Audio and Video Based Emotion Detection
R.Mohamed Yousuf , Dr.T.C.Subbulakshmi
Student(IT) – Professor(IT)
Francis Xavier Engineering College, Tirunelveli, India
ABSTRACT
The massive and growing burden imposed on modern society by depression has motivated investigations into early detection through automated, scalable and non-invasive methods, including those based on speech, facial expression and text. In response to the pressing need for accurate depression detection, researchers in affective computing have turned to behavioral cues such as facial expressions and prosodic features from speech to predict mental disorders like depression and Post- traumatic Stress Disorder. This project introduces a novel framework that harnesses attention mechanisms across multiple layers to identify and extract crucial features from various modalities, facilitating the prediction of depression levels.

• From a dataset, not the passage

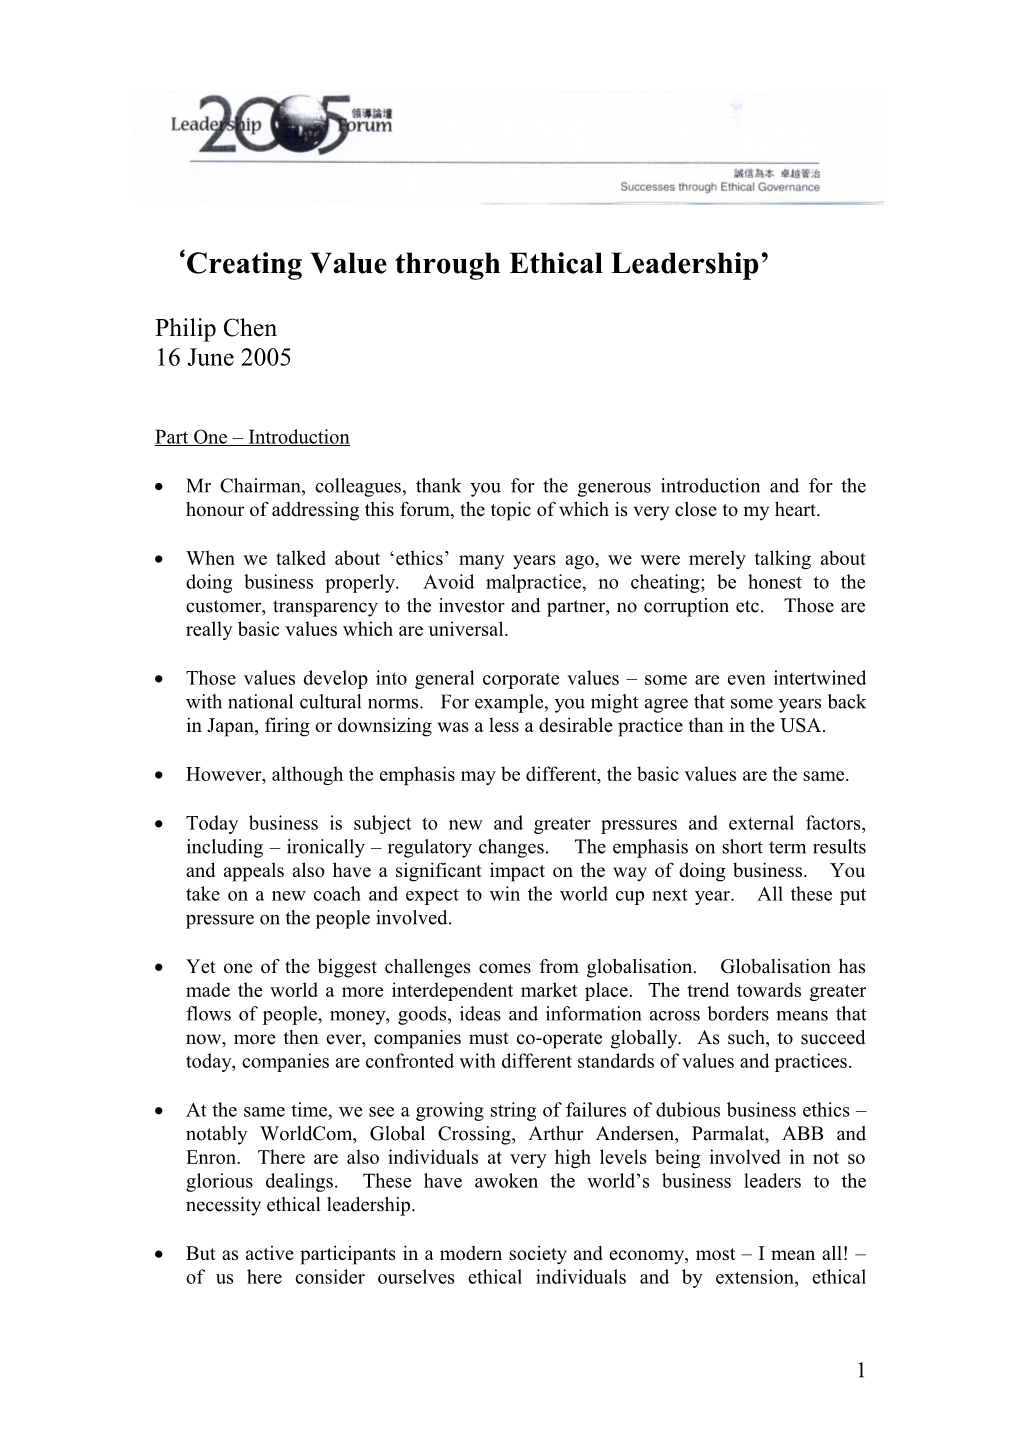 Creating Value Through Ethical Leadership

Leveraging low-level and mid-level features from text, audio, and video data, the proposed network employs attention mechanisms at different levels to quantify the significance of each feature and modality, resulting in enhanced prediction performance. Through a series of meticulous experiments involving individual features from diverse modalities as well as their combinations, the study showcases the efficacy of the approach. Additionally, the project addresses the challenge of identifying effective depression-related features in adverse recording conditions and across different smartphone devices. Introducing two innovative sets of features rooted in speech landmarks, the study achieves promising outcomes on disparate datasets. Employing a blend of machine learning and deep learning algorithms, this research contributes to advancing accurate depression detection by fusing behavioral cues from multiple sources.